** REQUIRED ACTION **
All of the data that follows should be retyped exactly, please, except the pictures.

** DATASET EXTRACT **

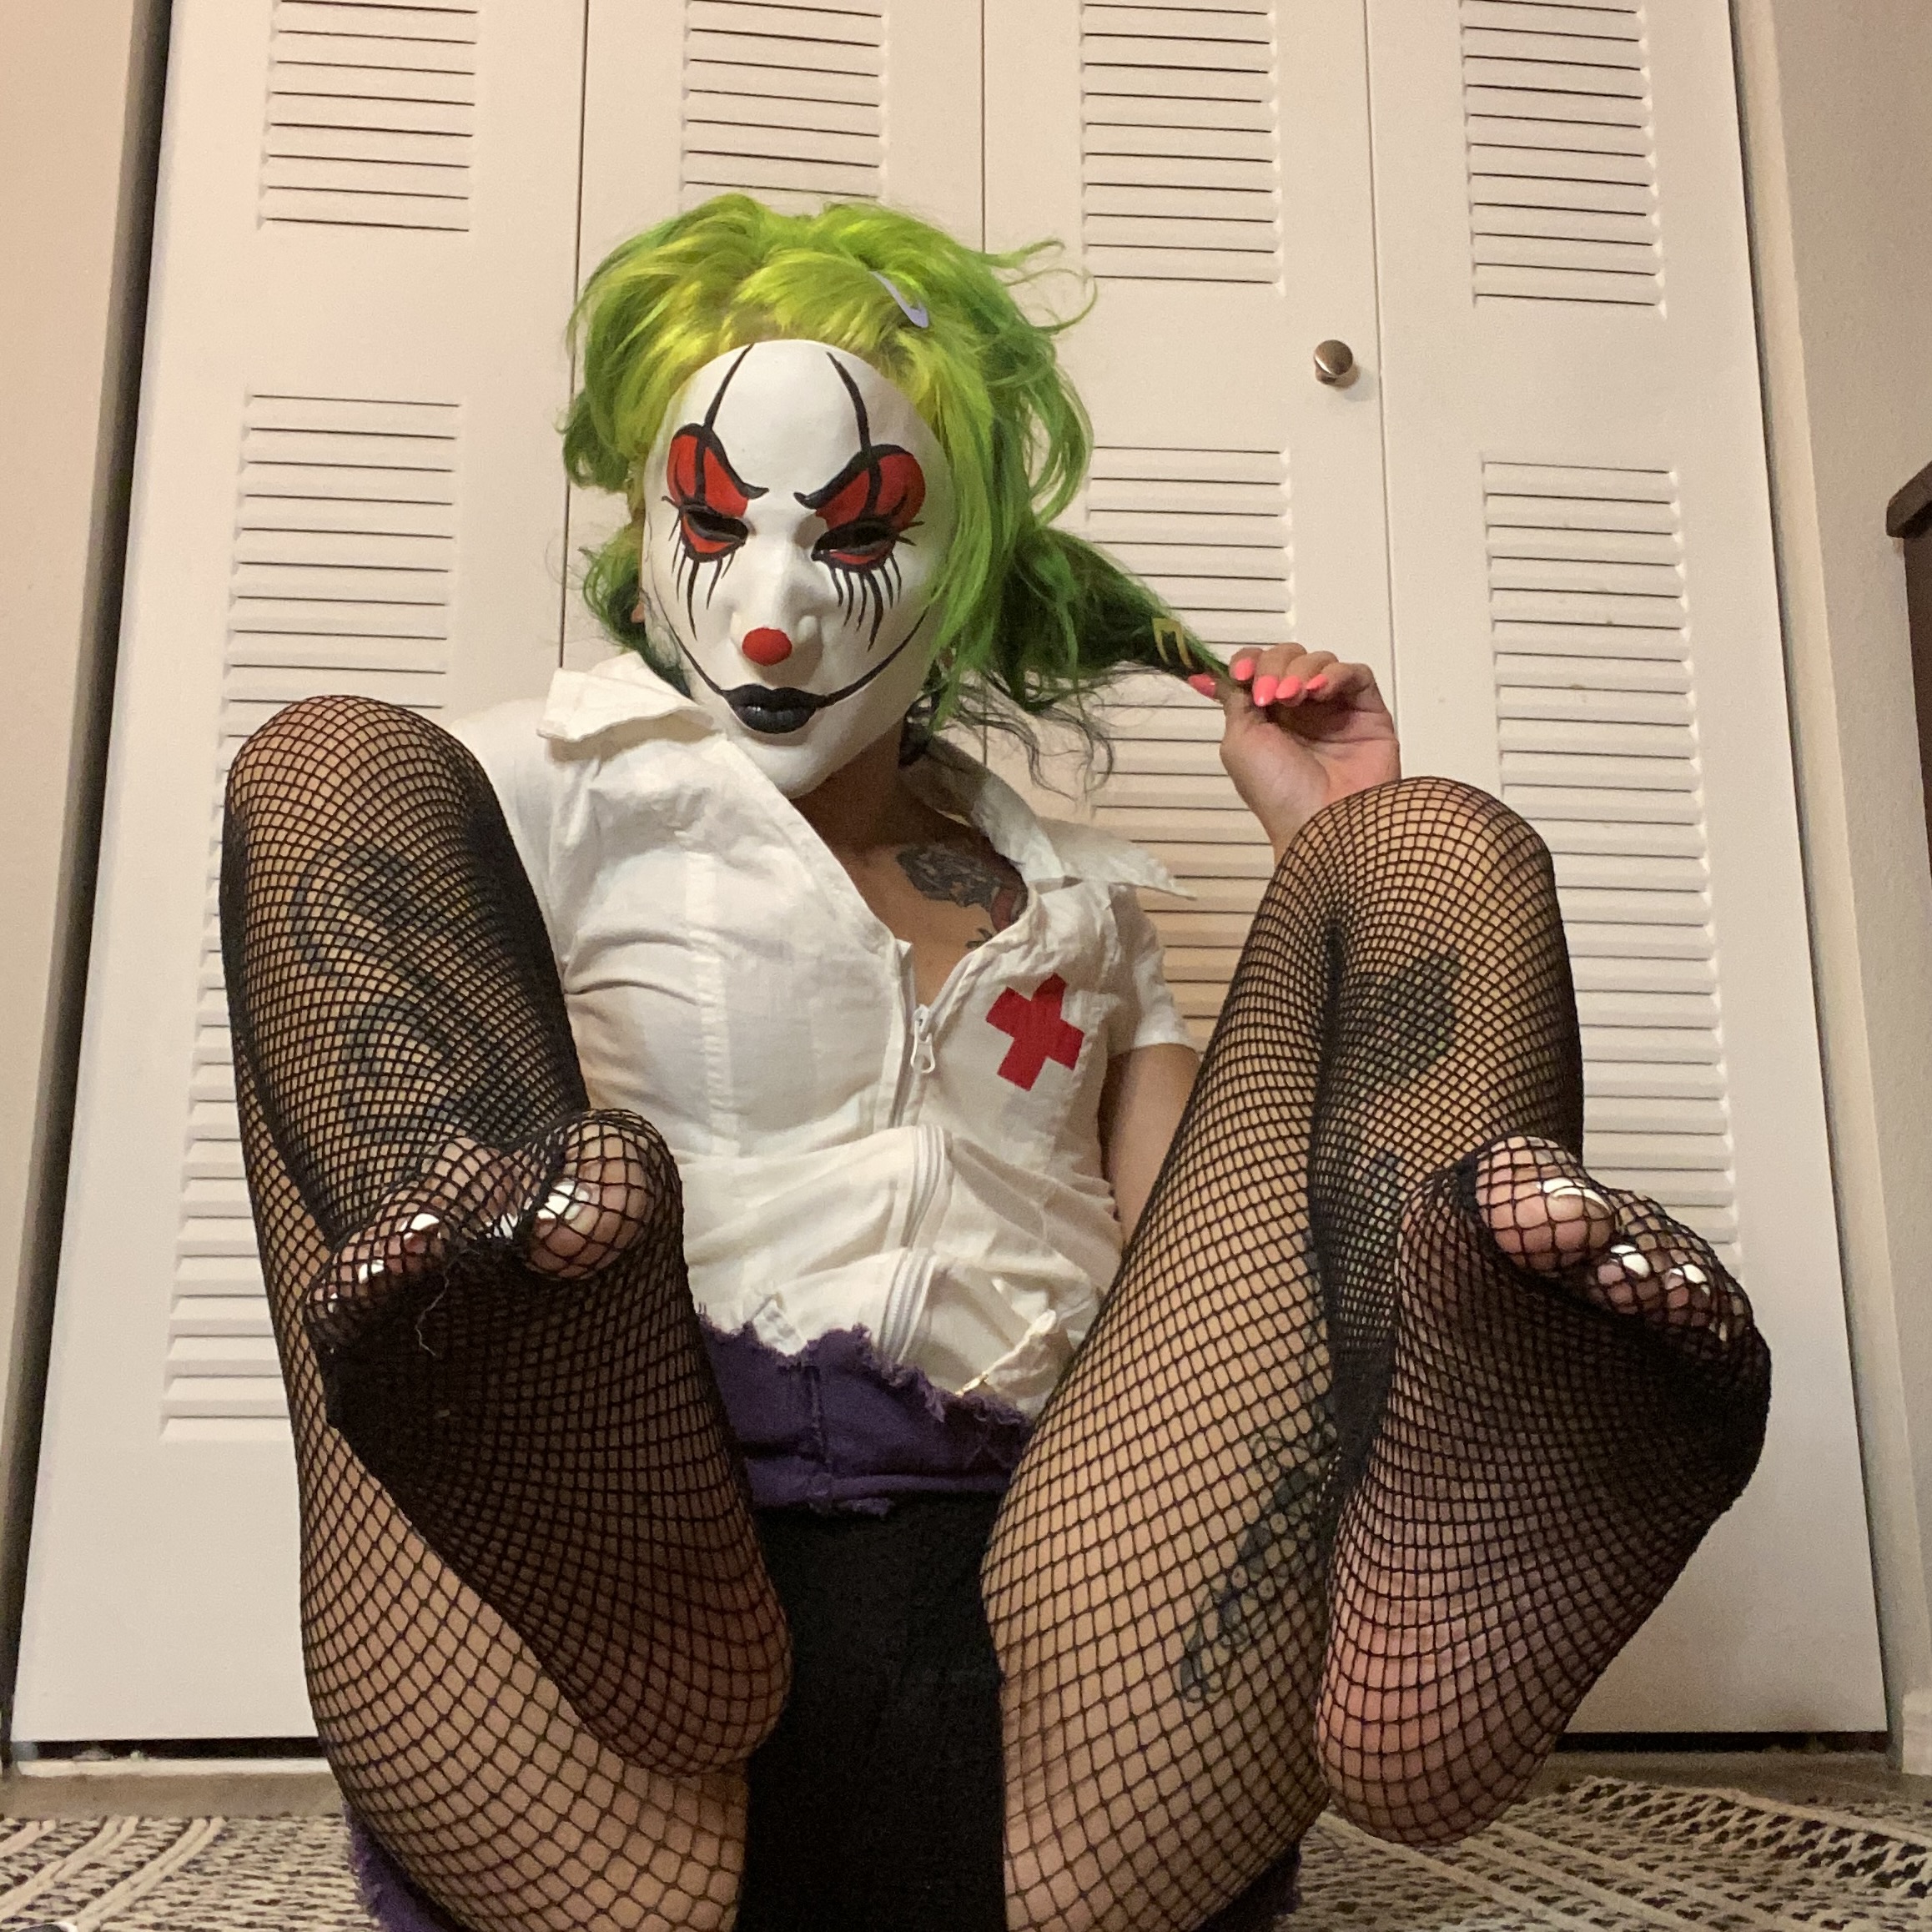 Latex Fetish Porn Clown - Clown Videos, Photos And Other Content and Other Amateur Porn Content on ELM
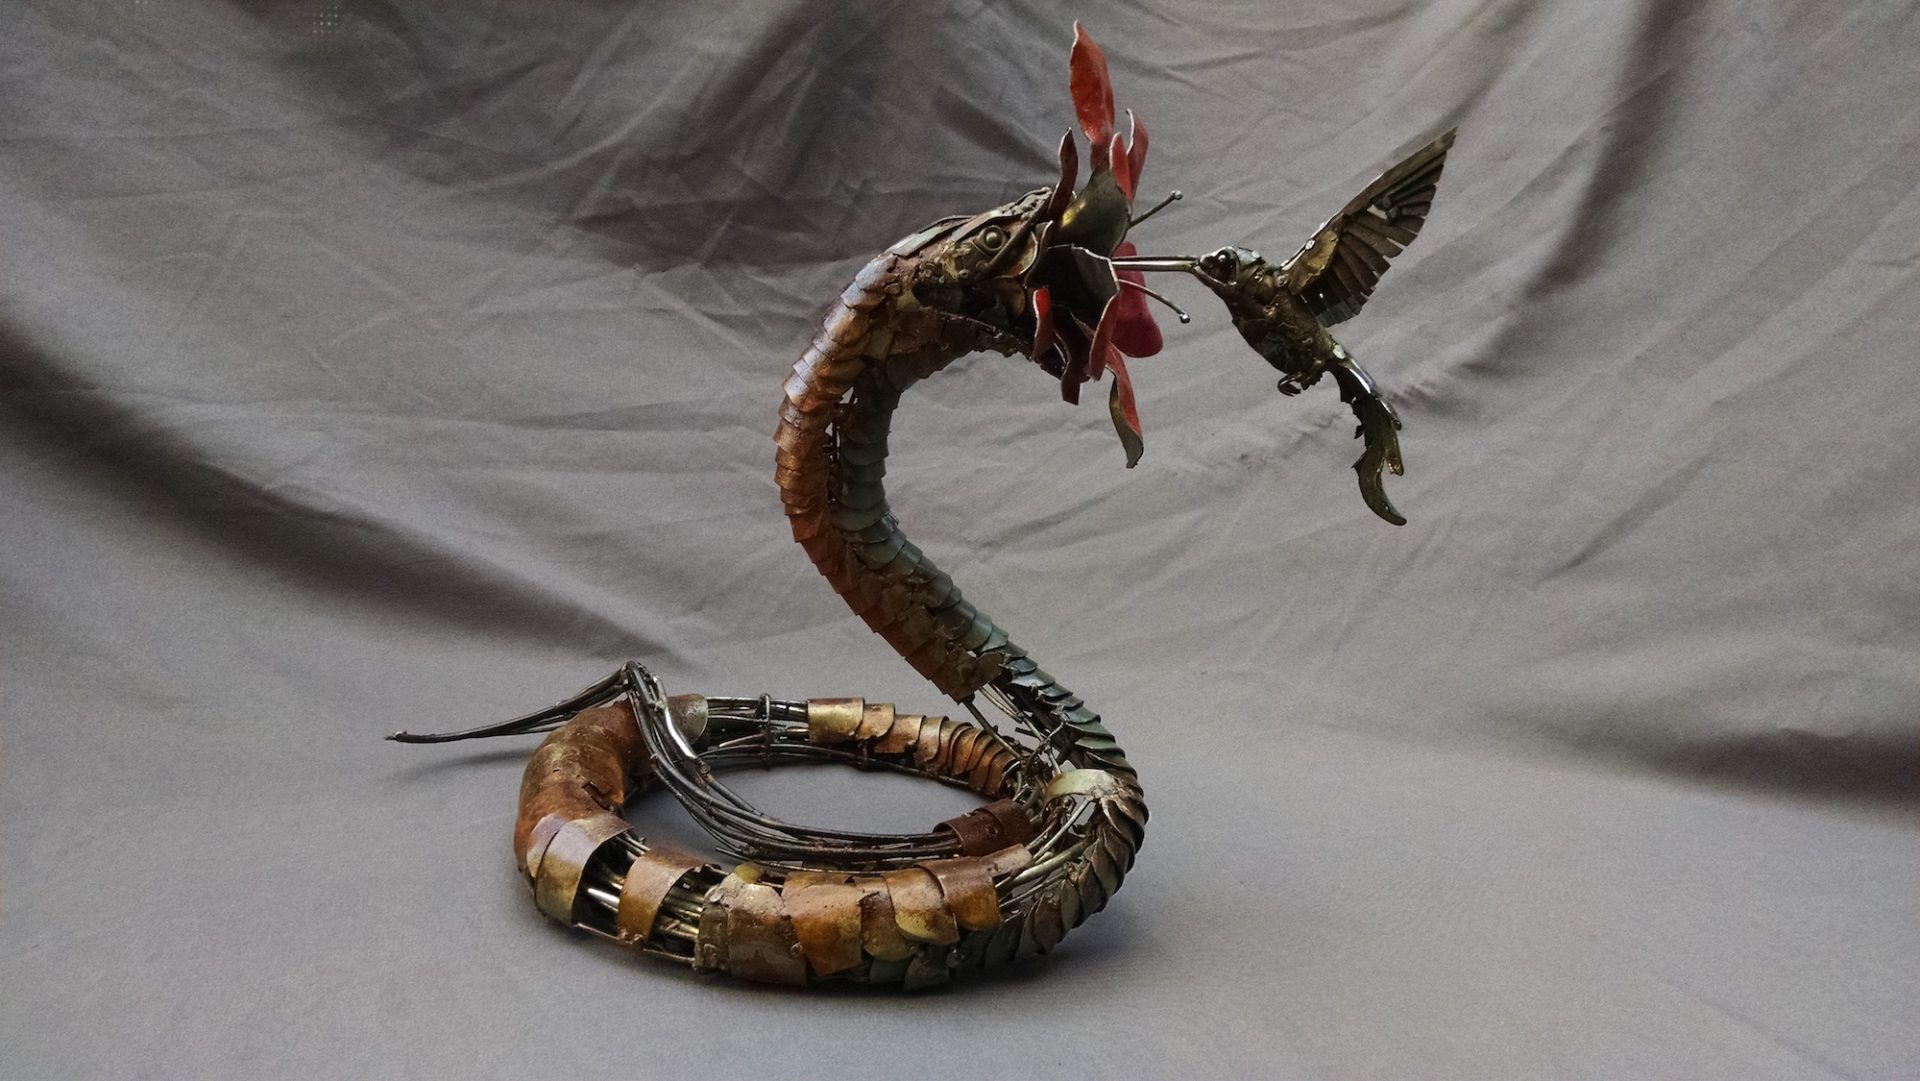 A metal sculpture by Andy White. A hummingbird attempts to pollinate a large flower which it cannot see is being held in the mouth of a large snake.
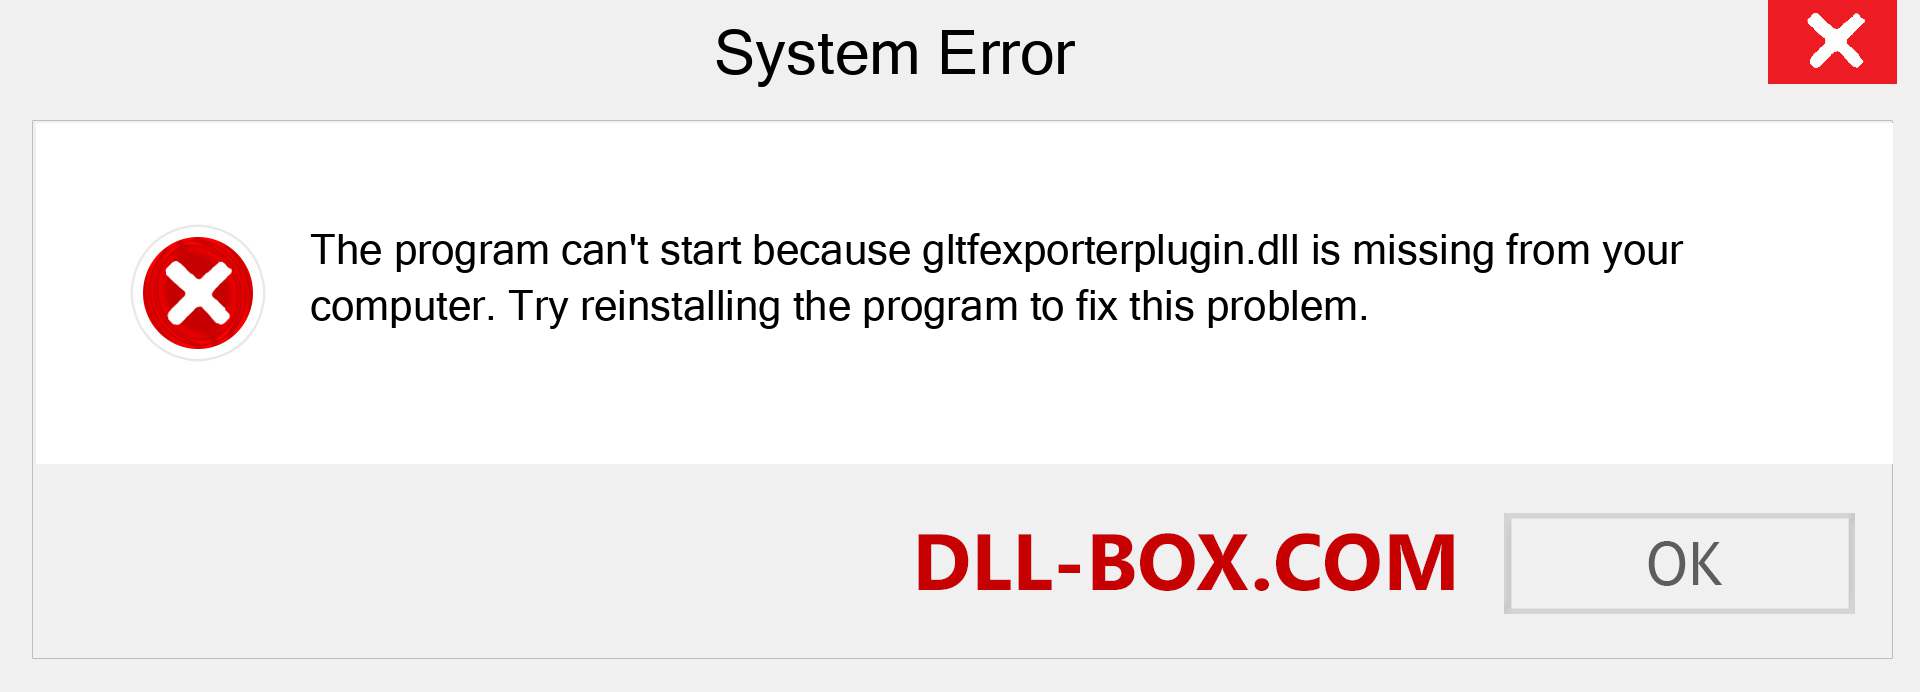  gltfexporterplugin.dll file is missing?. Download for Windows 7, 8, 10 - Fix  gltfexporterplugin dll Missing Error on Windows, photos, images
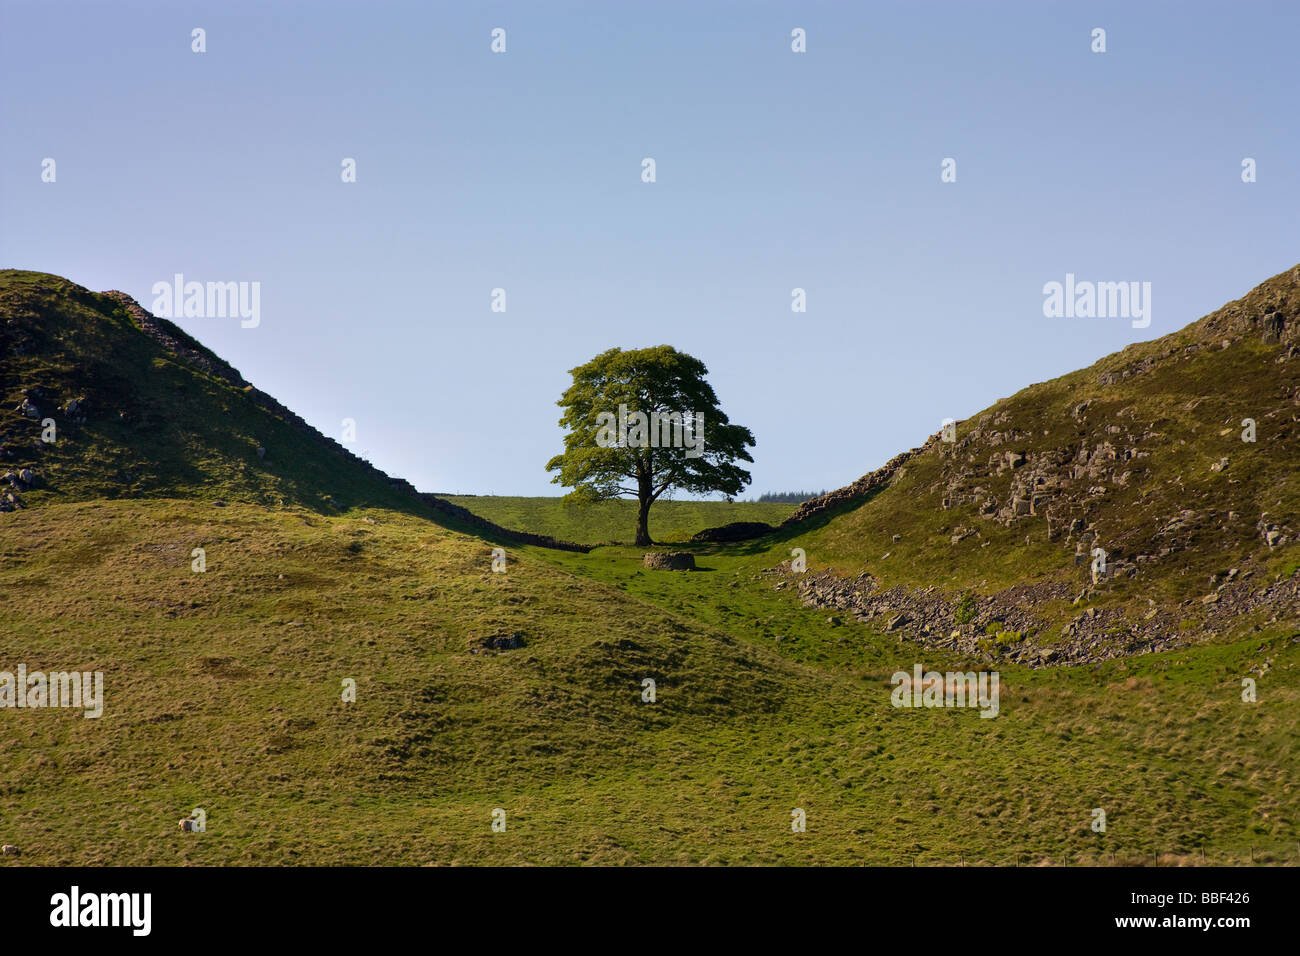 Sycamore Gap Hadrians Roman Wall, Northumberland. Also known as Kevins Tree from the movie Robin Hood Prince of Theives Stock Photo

** RESULT OF THIS TASK **
 Latex Fetish Porn Clown - Clown Videos, Photos And Other Content and Other Amateur Porn Content on ELM
 A metal sculpture by Andy White. A hummingbird attempts to pollinate a large flower which it cannot see is being held in the mouth of a large snake.
  gltfexporterplugin.dll file is missing?. Download for Windows 7, 8, 10 - Fix  gltfexporterplugin dll Missing Error on Windows, photos, images
 Sycamore Gap Hadrians Roman Wall, Northumberland. Also known as Kevins Tree from the movie Robin Hood Prince of Theives Stock Photo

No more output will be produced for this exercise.